3D conditional generative adversarial networks for high-quality PET image estimation at low dose
Introduction
Positron emission tomography (PET) has been widely applied in hospitals and clinics for disease diagnosis and intervention (Daerr et al., ; Mosconi et al., 2008; Huang et al., 2014; Cerami et al., 2015). Different from other imaging techniques, such as computed tomography (CT) and magnetic resonance imaging (MRI), PET is a functional imaging technique that produces three-dimensional in-vivo observation of metabolism processes of human body (Karnabi, 2017). Specifically, the PET system detects pairs of gamma rays emitted indirectly from a radioactive tracer which is injected into the human body on a biologically active molecule. Then, three-dimensional PET images of tracer concentration within the human body are constructed using computer analysis (Bailey et al., 2005).

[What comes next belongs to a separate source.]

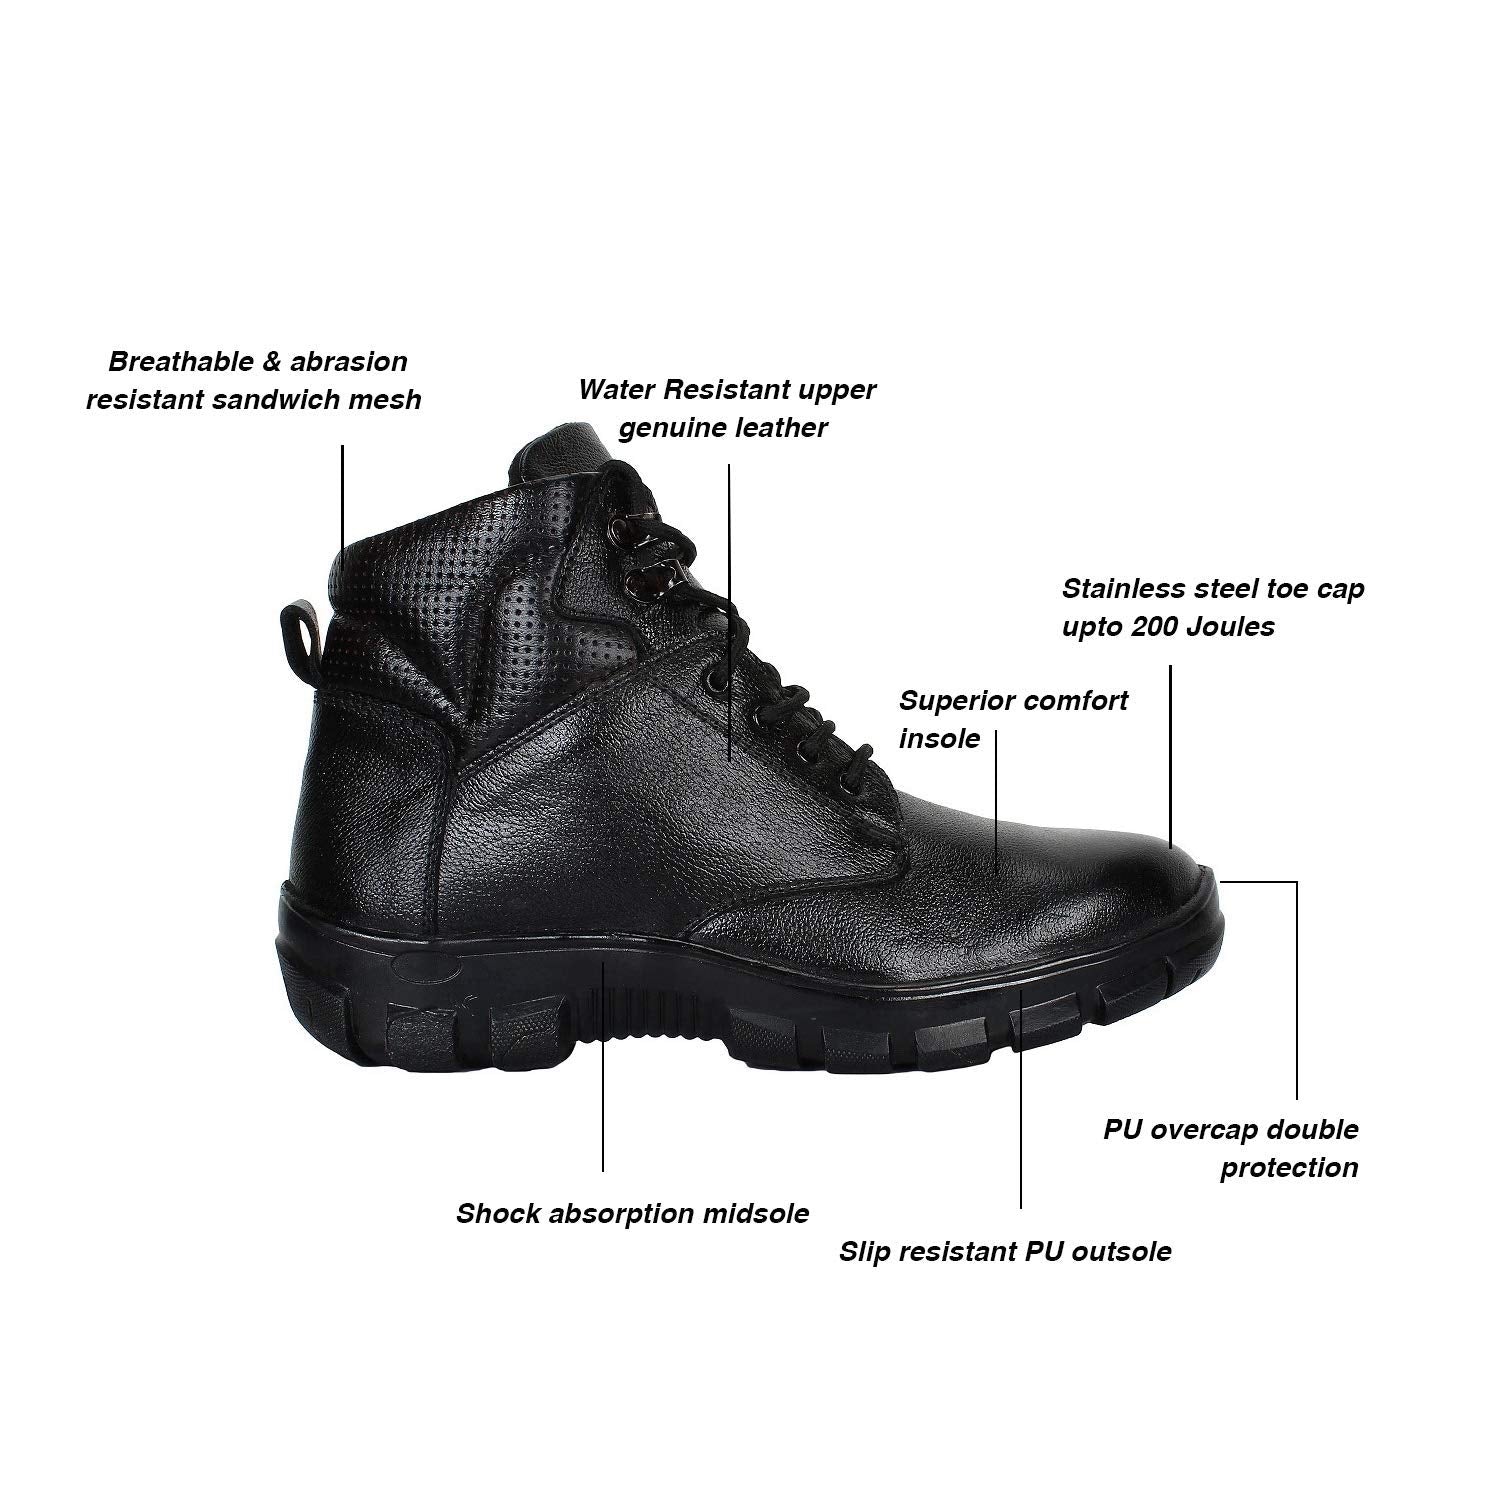 Aegon Tusker Black Industrial Water Resistant Safety Shoes for Men with Steel Toe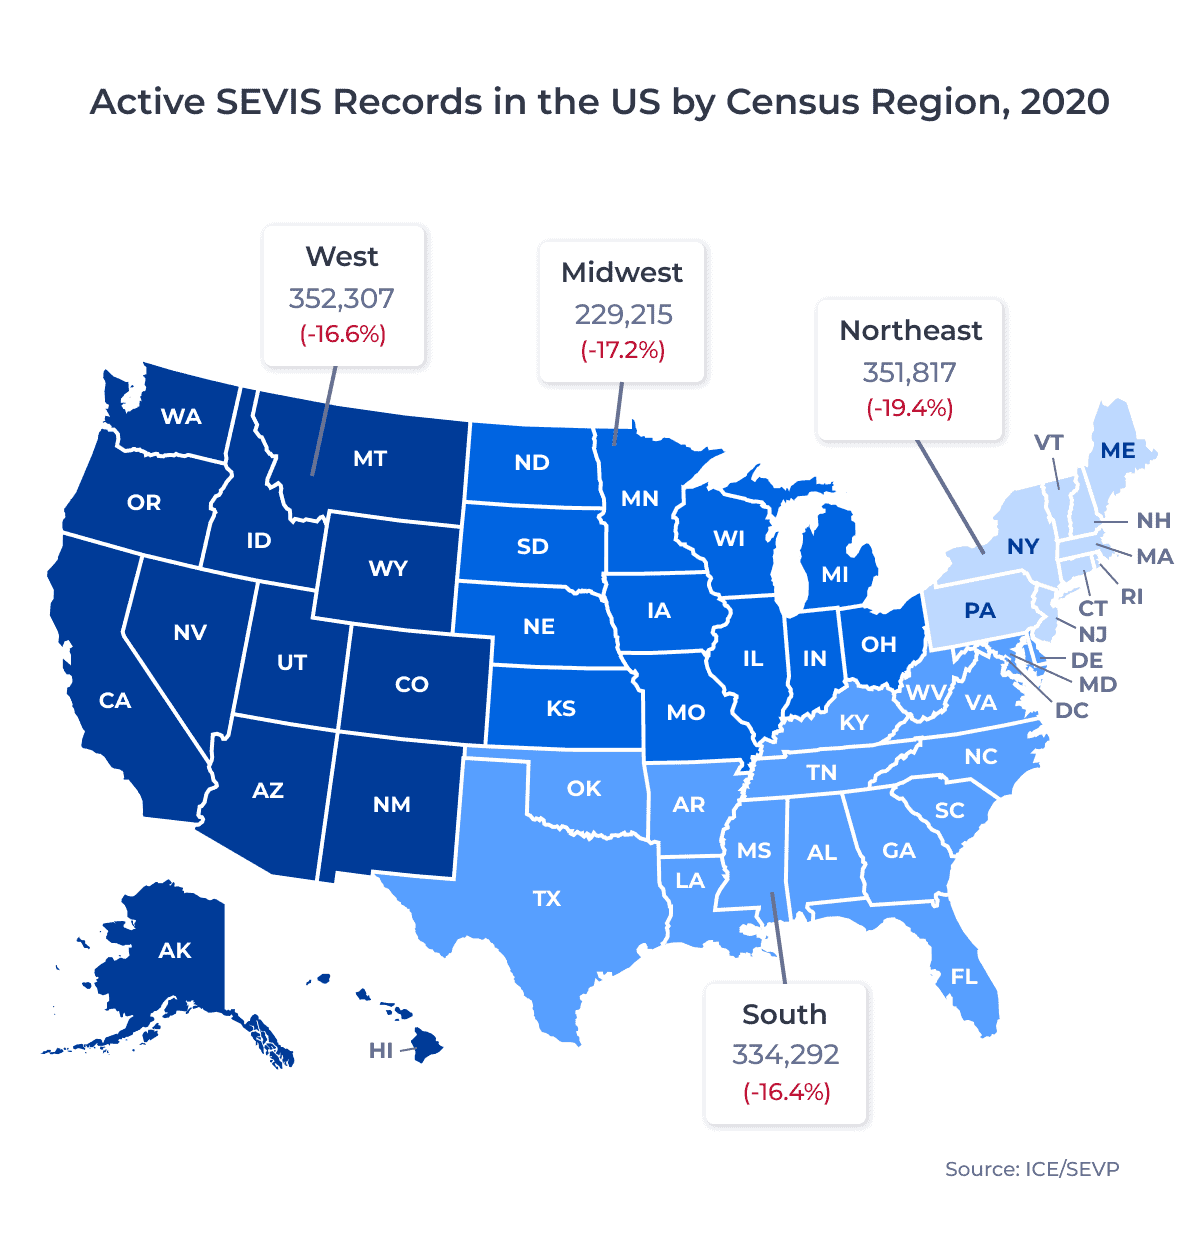 Map of the US showing the distribution of active SEVIS records in the country by census region in 2020. Examined in detail below.

To†obtain high quality PET images for diagnostic needs, a full dose radioactive tracer is usually preferred. This inevitably raises concerns about potential health hazards. According to the report “Biological Effects of Ionizing Radiation (BEIR VII)”,1 the increased risk of incidence of cancer is 10.8% per Sv, so one brain PET scan increases lifetime cancer risk by about 0.04%. Although this number is small, the risks are multiplied for the patients who experience multiple PET scans during their treatments. Moreover, these risks are more serious for pediatric patients. Although it is desirable to reduce the dose during the PET scanning, a major drawback of dose reduction is that more noise may be involved in the reconstructed PET images, resulting in poor image quality.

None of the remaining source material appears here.